ABOUT THIS EXERCISE:
Starting at the first line of the material below, retype each line exactly until you reach the line with "CEC Bank actualizare", which is also included; pictures stay out.

SUPPLIED MATERIAL:
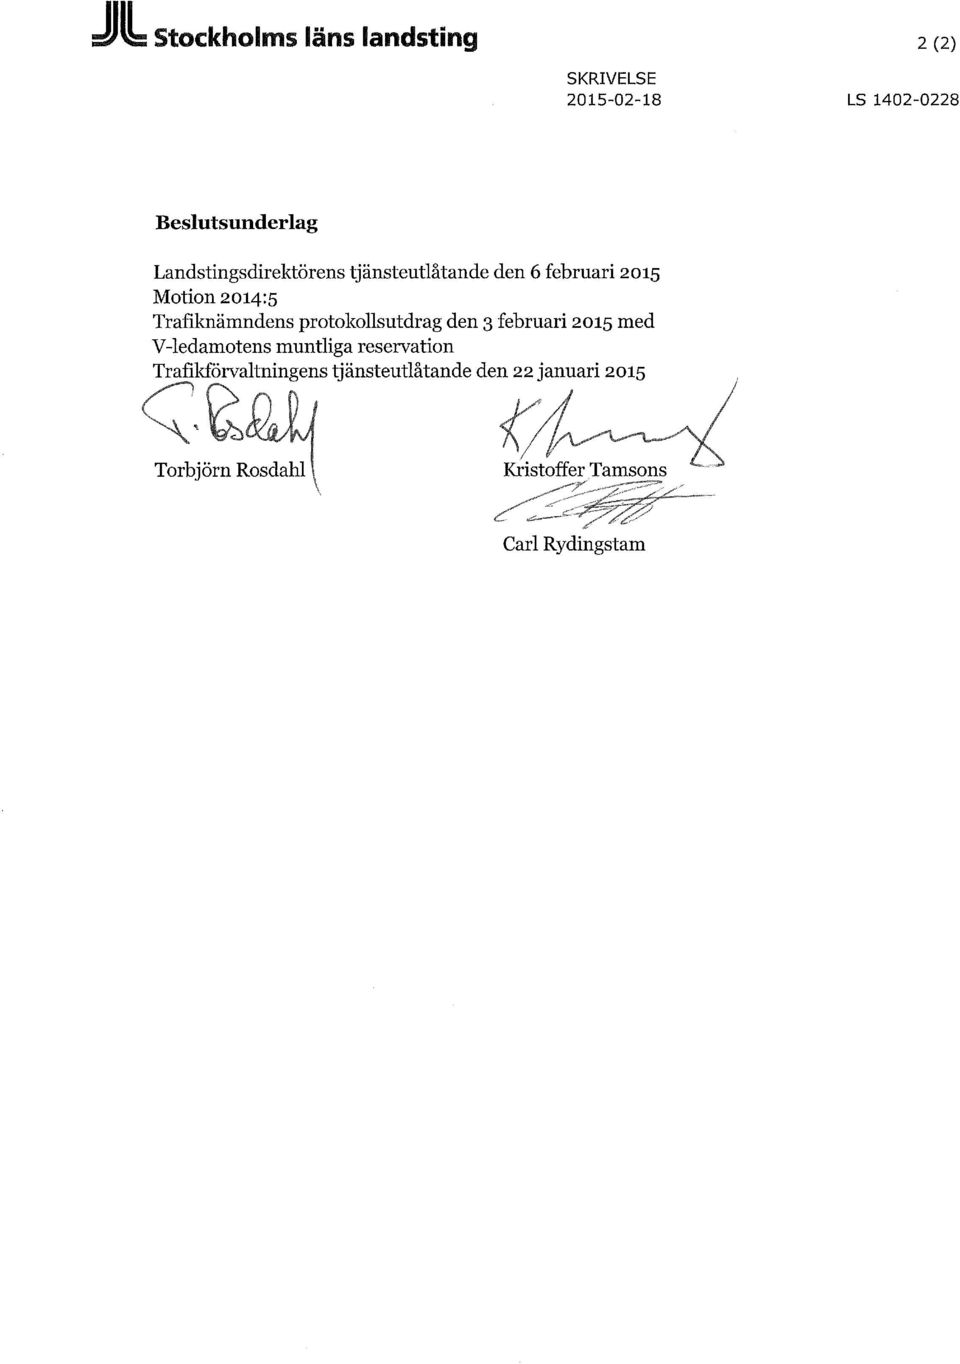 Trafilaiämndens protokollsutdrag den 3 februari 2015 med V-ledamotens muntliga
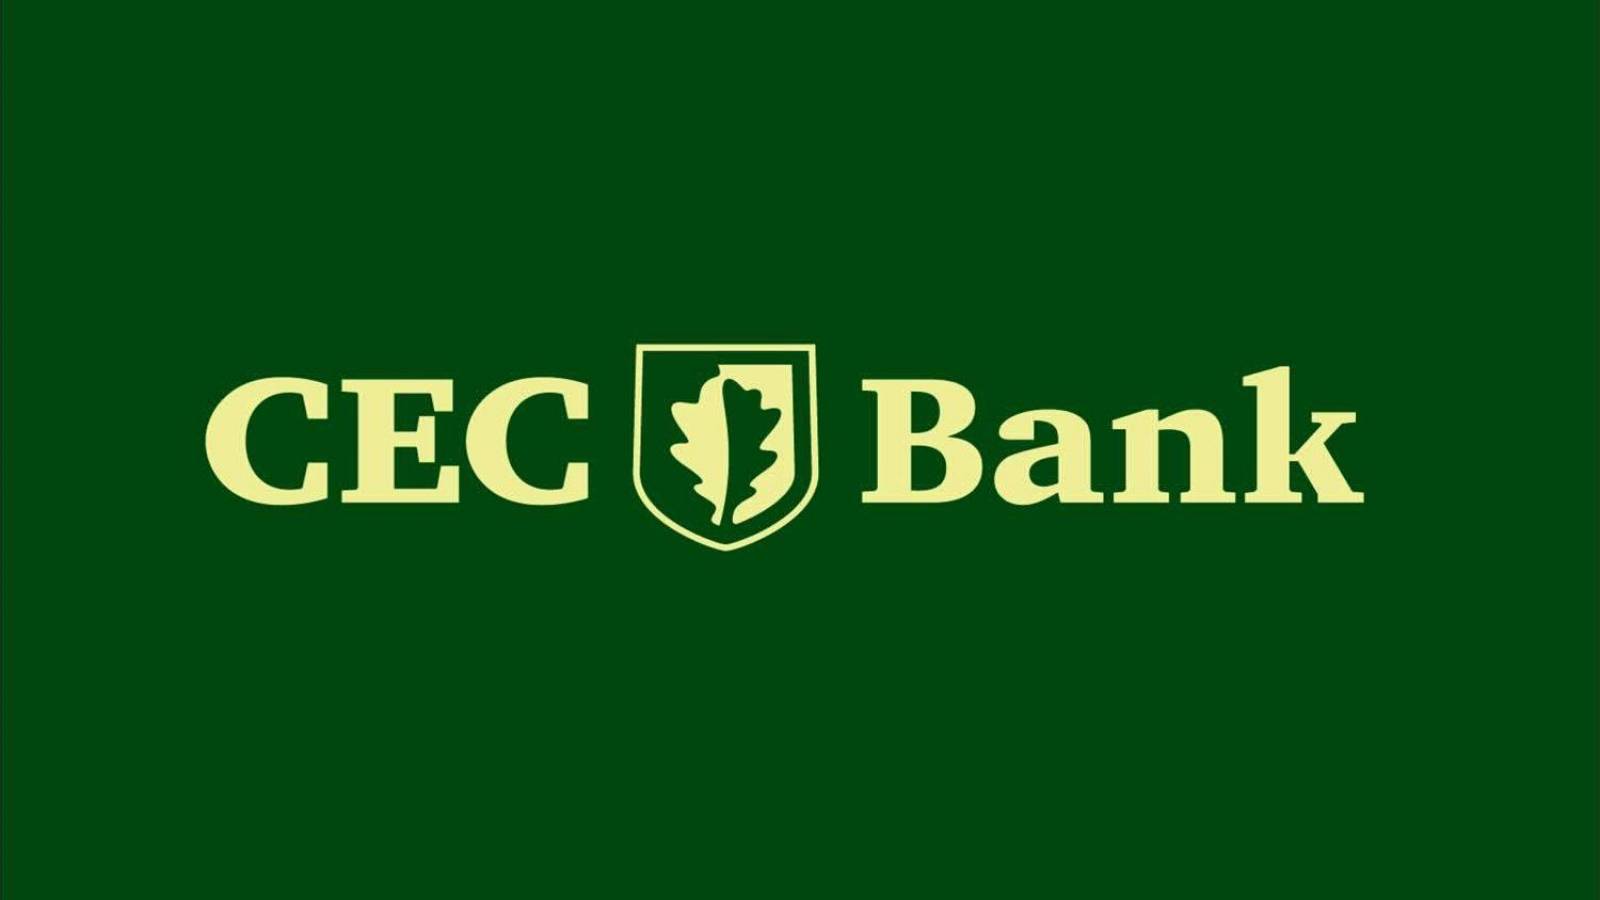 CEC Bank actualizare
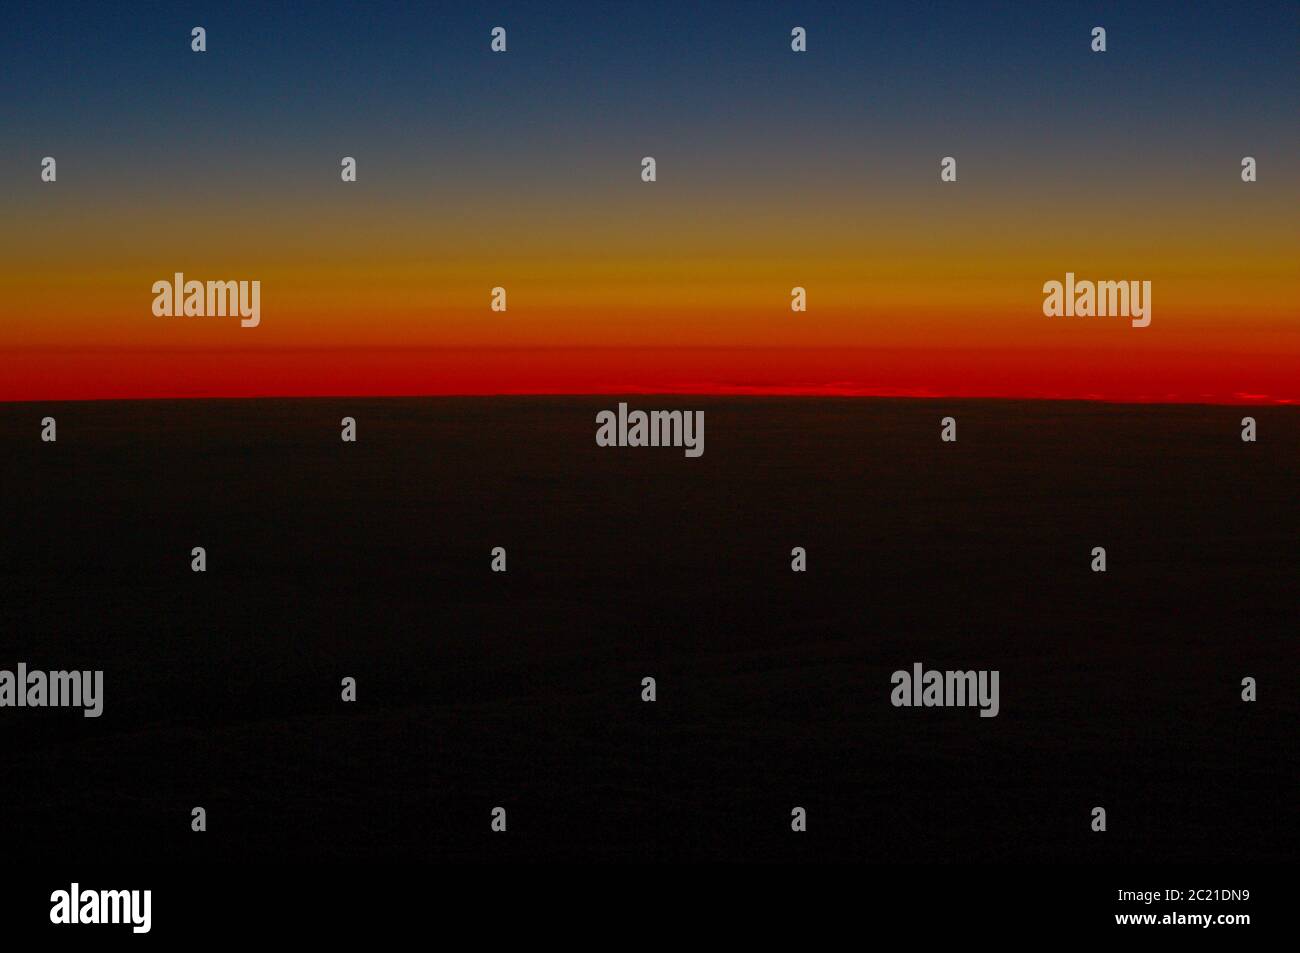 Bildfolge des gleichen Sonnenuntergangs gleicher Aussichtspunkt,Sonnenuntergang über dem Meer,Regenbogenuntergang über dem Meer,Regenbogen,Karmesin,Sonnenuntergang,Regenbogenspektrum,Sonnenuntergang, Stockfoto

TASK RESPONSE:
 Trafilaiämndens protokollsutdrag den 3 februari 2015 med V-ledamotens muntliga
 CEC Bank actualizare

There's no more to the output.